ABOUT THIS EXERCISE:
The copy you return must match the listing word for word and carry no pictures.

THE DATA:
# # #
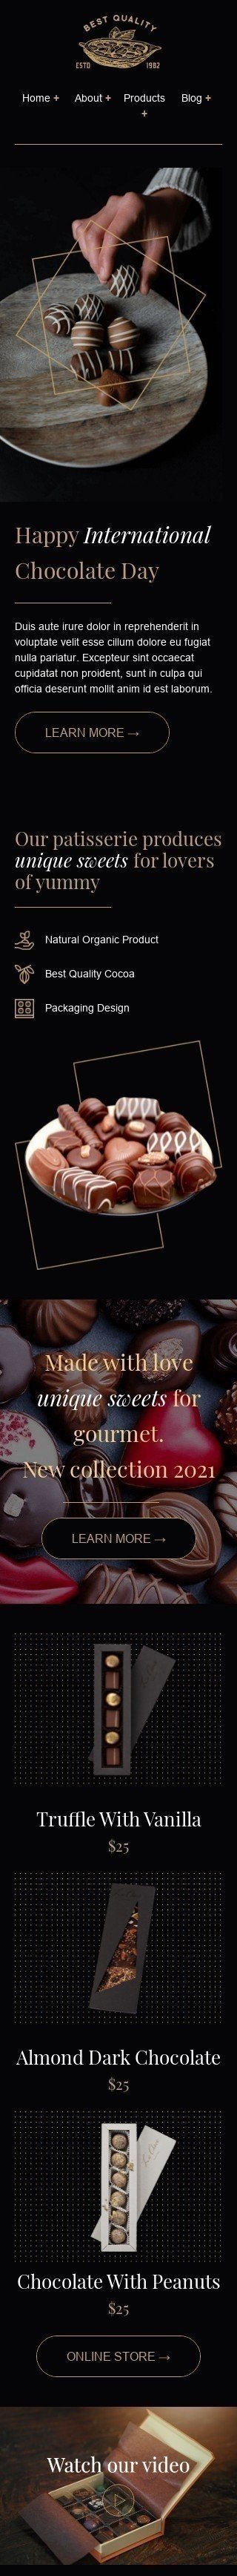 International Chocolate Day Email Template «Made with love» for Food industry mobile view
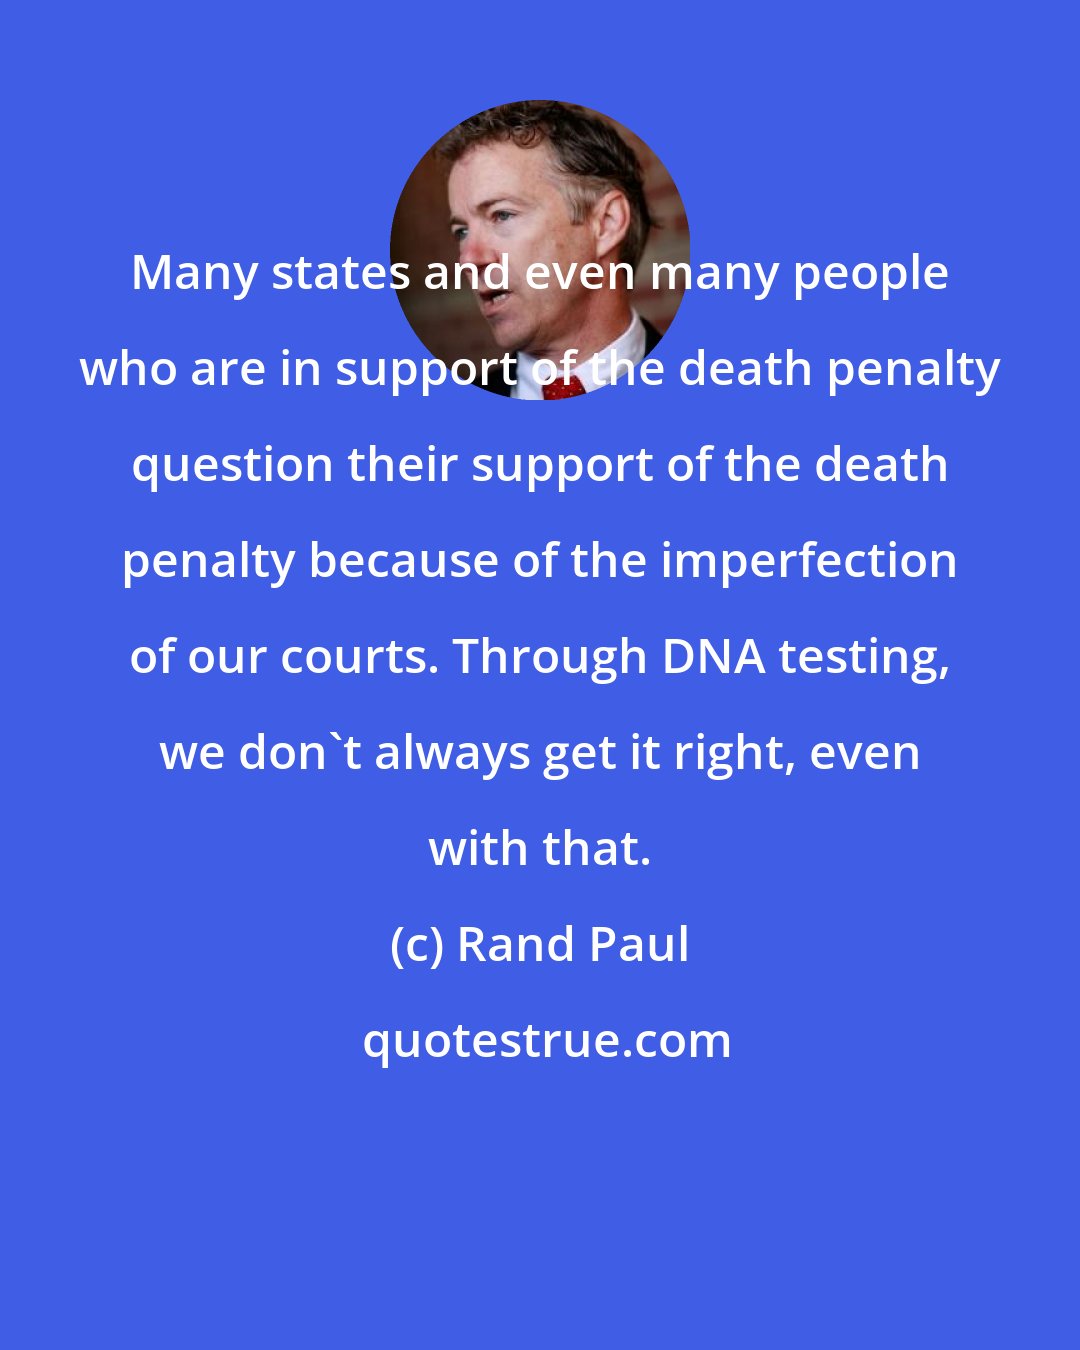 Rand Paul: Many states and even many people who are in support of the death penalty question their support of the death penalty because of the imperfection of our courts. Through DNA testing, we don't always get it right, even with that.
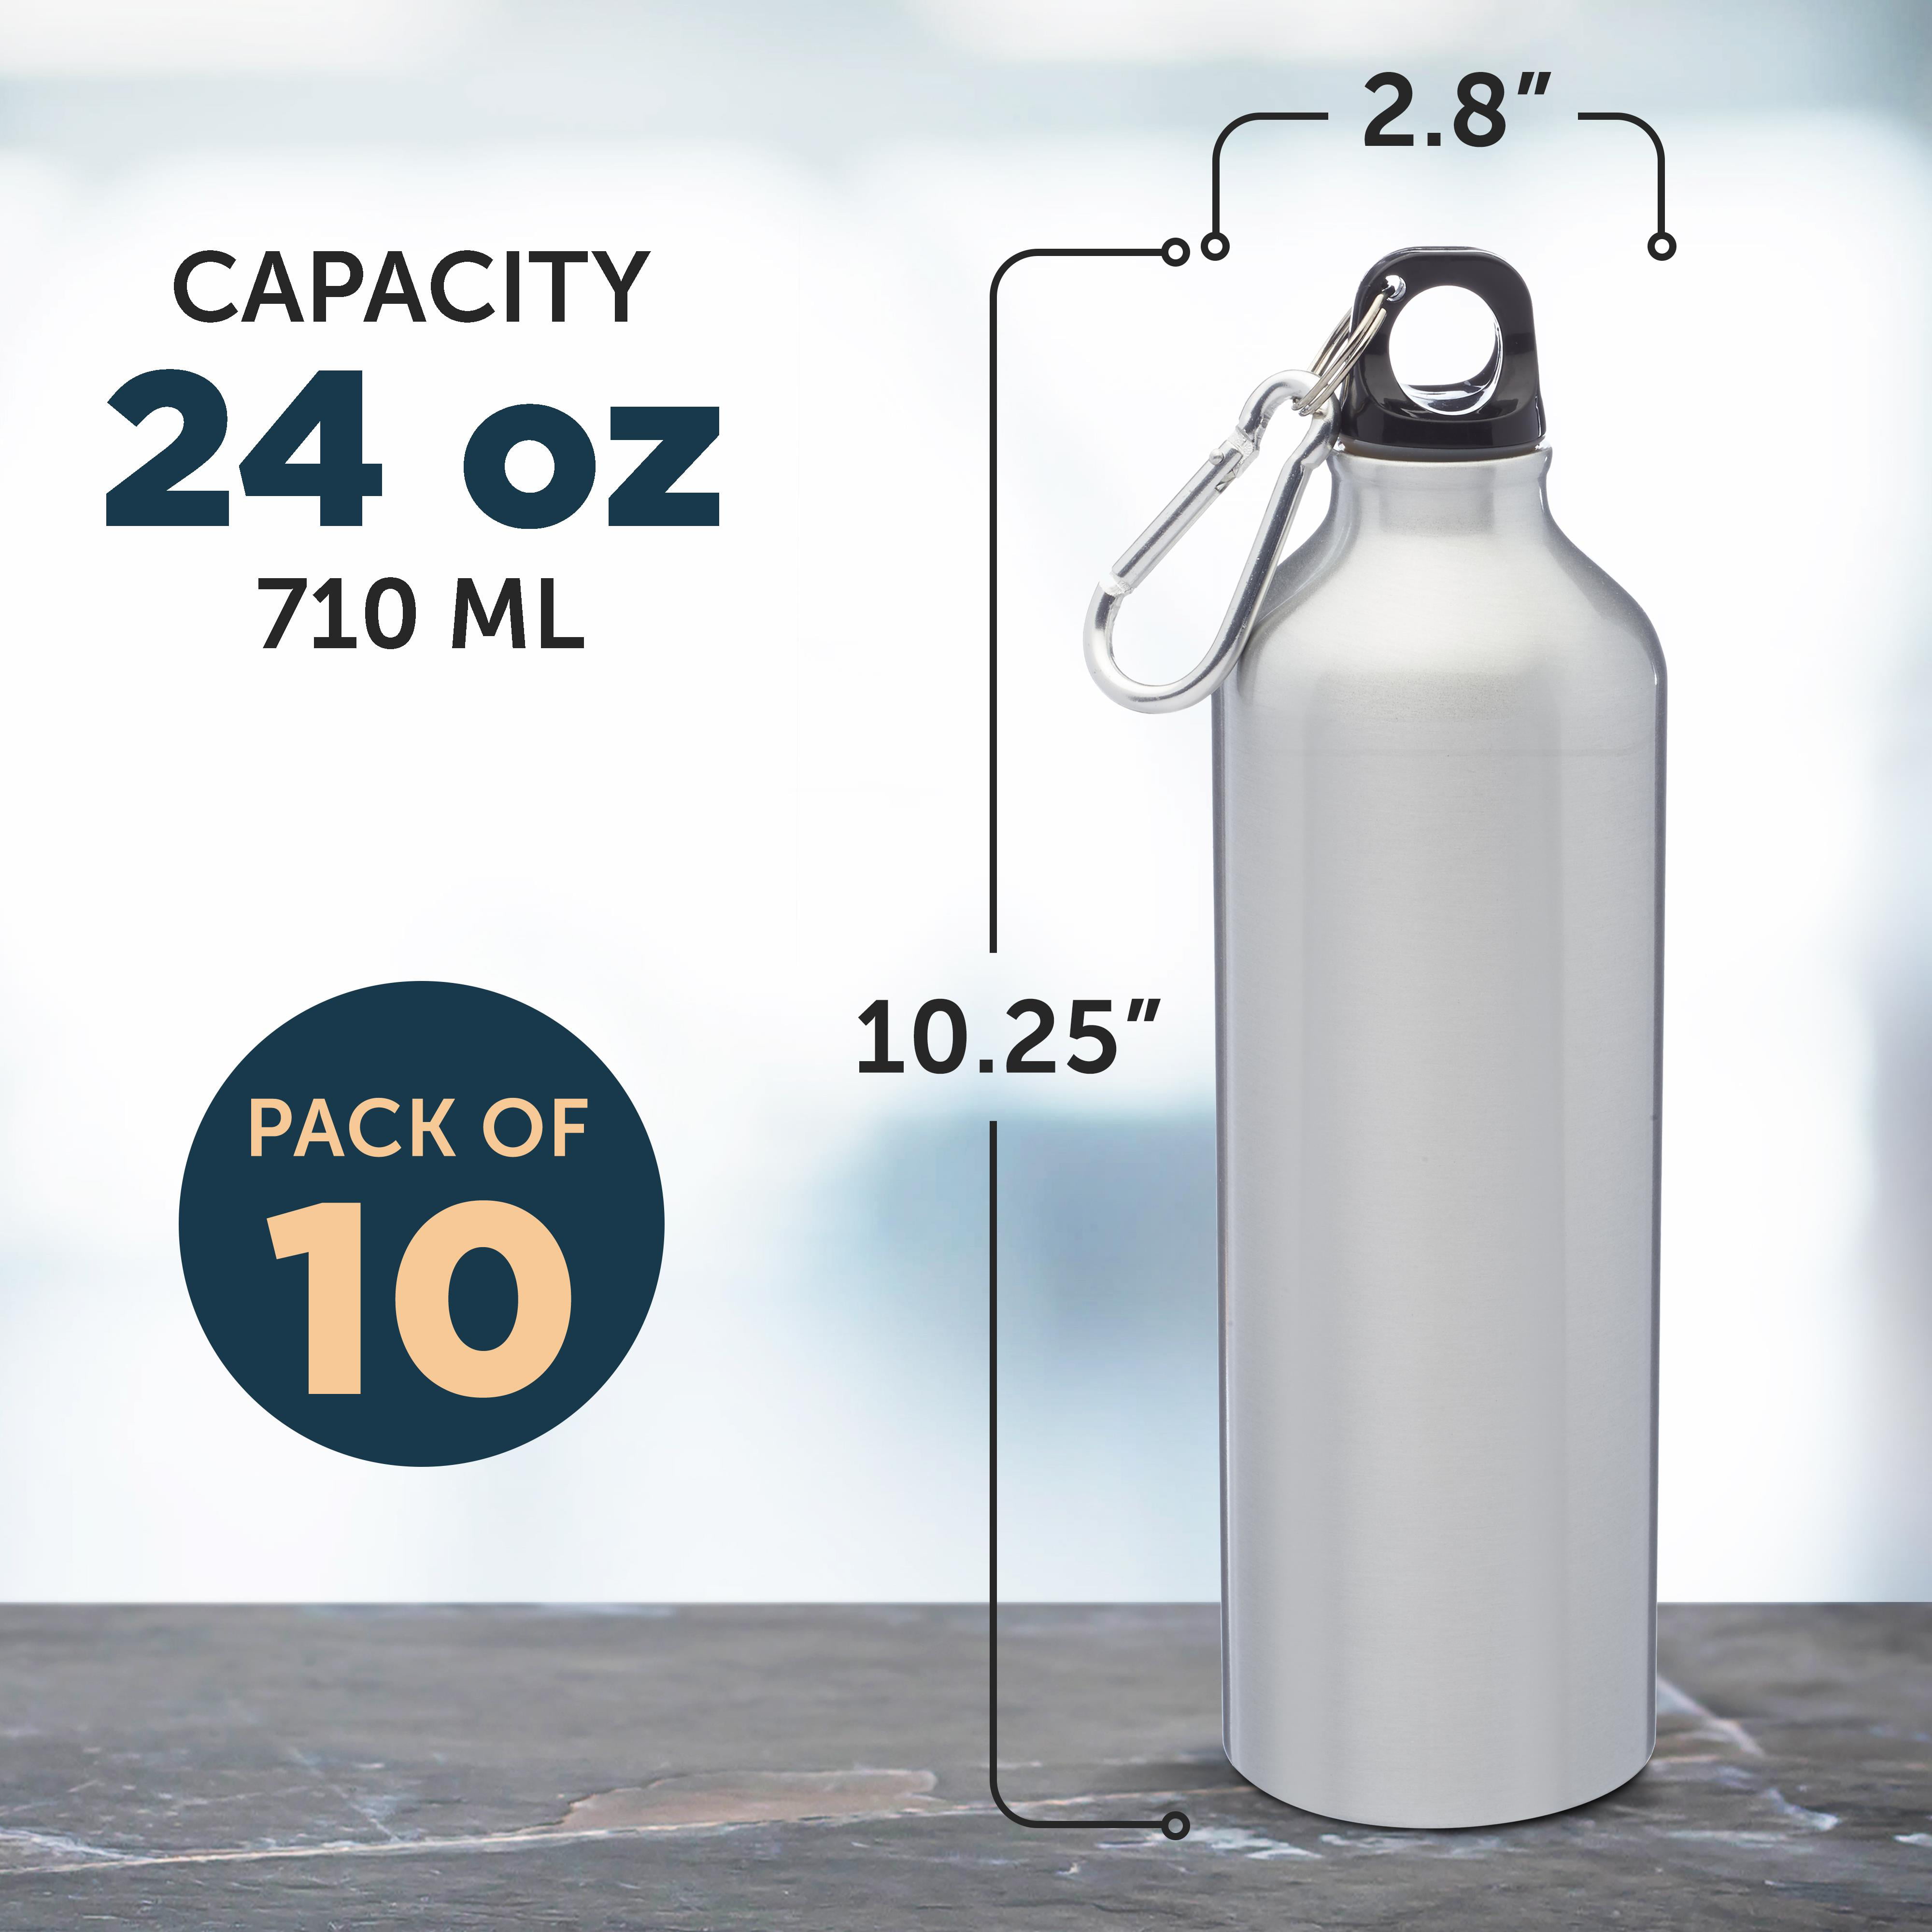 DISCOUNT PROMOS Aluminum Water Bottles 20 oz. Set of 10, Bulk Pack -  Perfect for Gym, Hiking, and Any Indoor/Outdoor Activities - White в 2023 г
# # #
RESPONSE BELOW:
 International Chocolate Day Email Template «Made with love» for Food industry mobile view
 Rand Paul: Many states and even many people who are in support of the death penalty question their support of the death penalty because of the imperfection of our courts. Through DNA testing, we don't always get it right, even with that.
 DISCOUNT PROMOS Aluminum Water Bottles 20 oz. Set of 10, Bulk Pack -  Perfect for Gym, Hiking, and Any Indoor/Outdoor Activities - White в 2023 г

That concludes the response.